Comportements aberrants chez des patients douloureux chroniques (Pr Passik)

Les 4 A du traitement de la douleur chronique :

-Analgésie : Soulagement de la douleur
-Activités de vie quotidienne : Fonctionnement psychosocial
-Adverse ou effets négatifs
-prises Anormales de médicaments : En relation avec l’addiction

La population des utilisateurs d’opioïdes est très hétérogène et aussi bien chez les patients douloureux, en traitement (adhérent = suivant les prescriptions, faisant front avec la chimie, abuseurs et dépendants) que chez les sujets faisant un usage en dehors d’une prescription (se traitant eux-mêmes, usage récréationnel, abuseur et dépendants)

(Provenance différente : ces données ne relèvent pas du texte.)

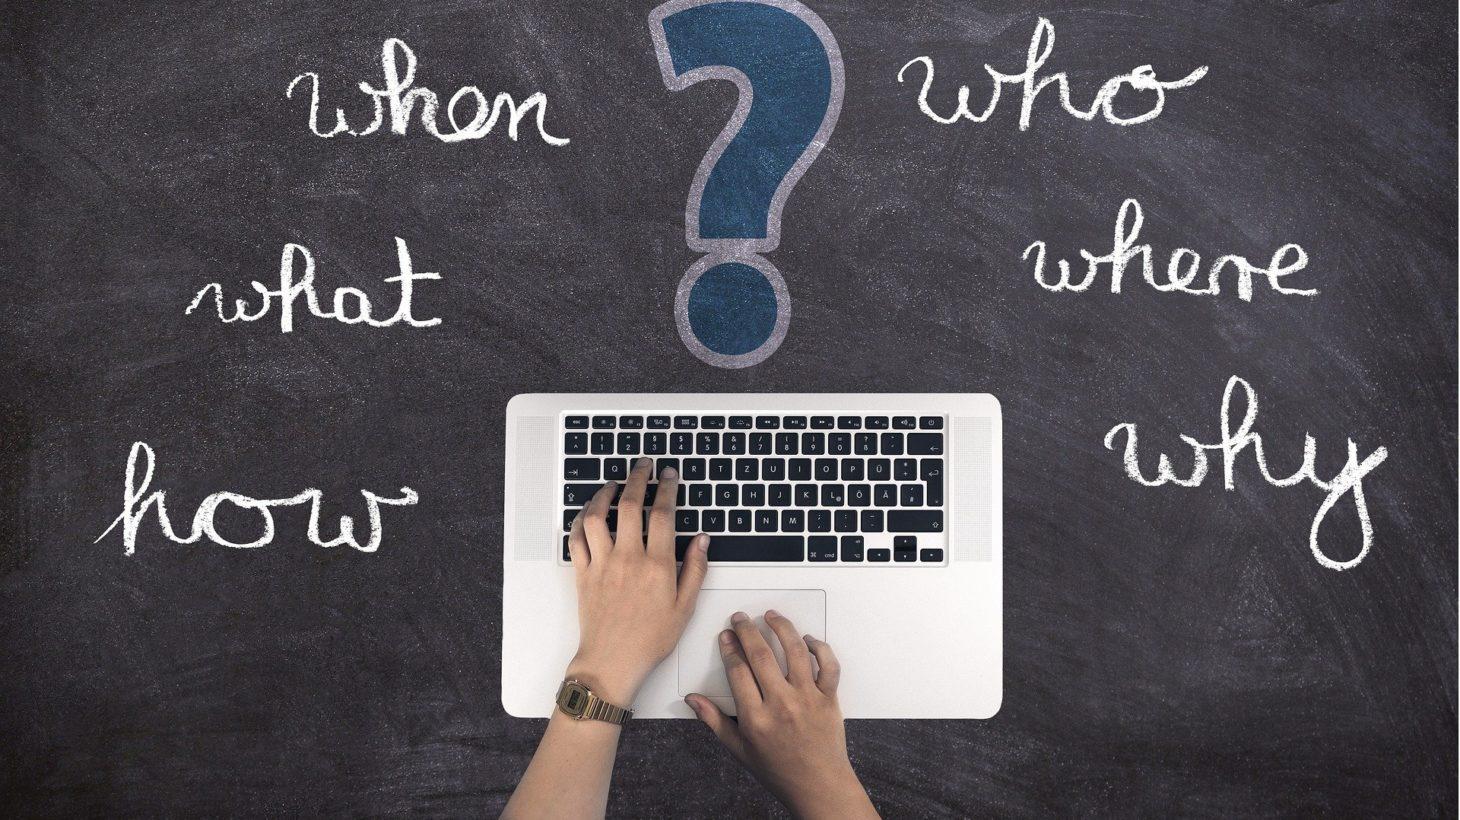 Engelska ord på en tavla och händer på ett tangentbord.

Niveaux des abus/dépendances

-Drogues illicites : 6 à 10 % (Une drogue illicite au moins une fois : 33 %)
-Alcool : 15 %
-Nicotine : 25 %

Diagnostics différentiels des comportements et attitudes anormales de prise

-Addiction
-Pseudo-addiction
-Diagnostics psychiatriques :
oMaladie mentale organique
oTrouble de la personnalité
oCoping chimique
oEDM, anxiété, situations de stress
-Intention criminelle

Le modèle des comportements anormaux de prise de médicaments

-Probablement les plus prédictifs :

oVente de médicaments prescrits
oUtilisation de contrefaçon
oVolant ou empruntant des médicaments à un autre patient
oS’injectant une forme orale
oObtenant une prescription d’une source non médicale
oAbus simultané d’autres drogues illicites
oMultiples escalades de doses non officielles
oPertes récurrentes de prescriptions

-Probablement moins prédictifs :

oPlainte agressive à propos de besoins de doses plus élevées
oAccumulation de médicaments lors de périodes de symptômes réduits
oRequête spécifique de médicaments
oAcquisition de médicaments similaires de sources médicales autres
oEscalade non officielle de doses, une ou 2 fois
oUtilisation non approuvée d’un médicament pour traiter un autre symptôme
oMentionner des effets cliniques non souhaités par le clinicien

Comportements anormaux

-Pour 388 patients douloureux, 55, 4 % ne rapportaient aucun comportement anormal, 25, 3 % de 2 à 3, 8,5 % de 3 à 4, 6,7 % de 5 à 7 et 4,1 % plus de 8
-Chez des patients cancéreux ou ayant le SIDA, aucun comportement anormal pour moins de 10 % SIDA et 40 % cancer, de 1 à 2 comportements pour 15 % SIDA et 35 % cancer, de 3 à 4 comportements pour 12/13 % SIDA et 10 % cancer et plus de 5 comportements anormaux pour 60 % SIDA et 5 % cancer
-Chez les patients SIDA, les comportements anormaux, étaient également représentés que l’analgésie soit adéquate ou pas et dans les 2 situations indiquaient de façon identique que ces comportements n’étaient pas plus prédictifs d’addiction (78 et 74 %)
-Ces prédictions cliniques devaient être complétées d’une analyse urinaire : Les patients supposés être des mésuseurs avaient pour 30 % des urines normales et les patients supposés être observant, avaient 61 % d’urines anormales !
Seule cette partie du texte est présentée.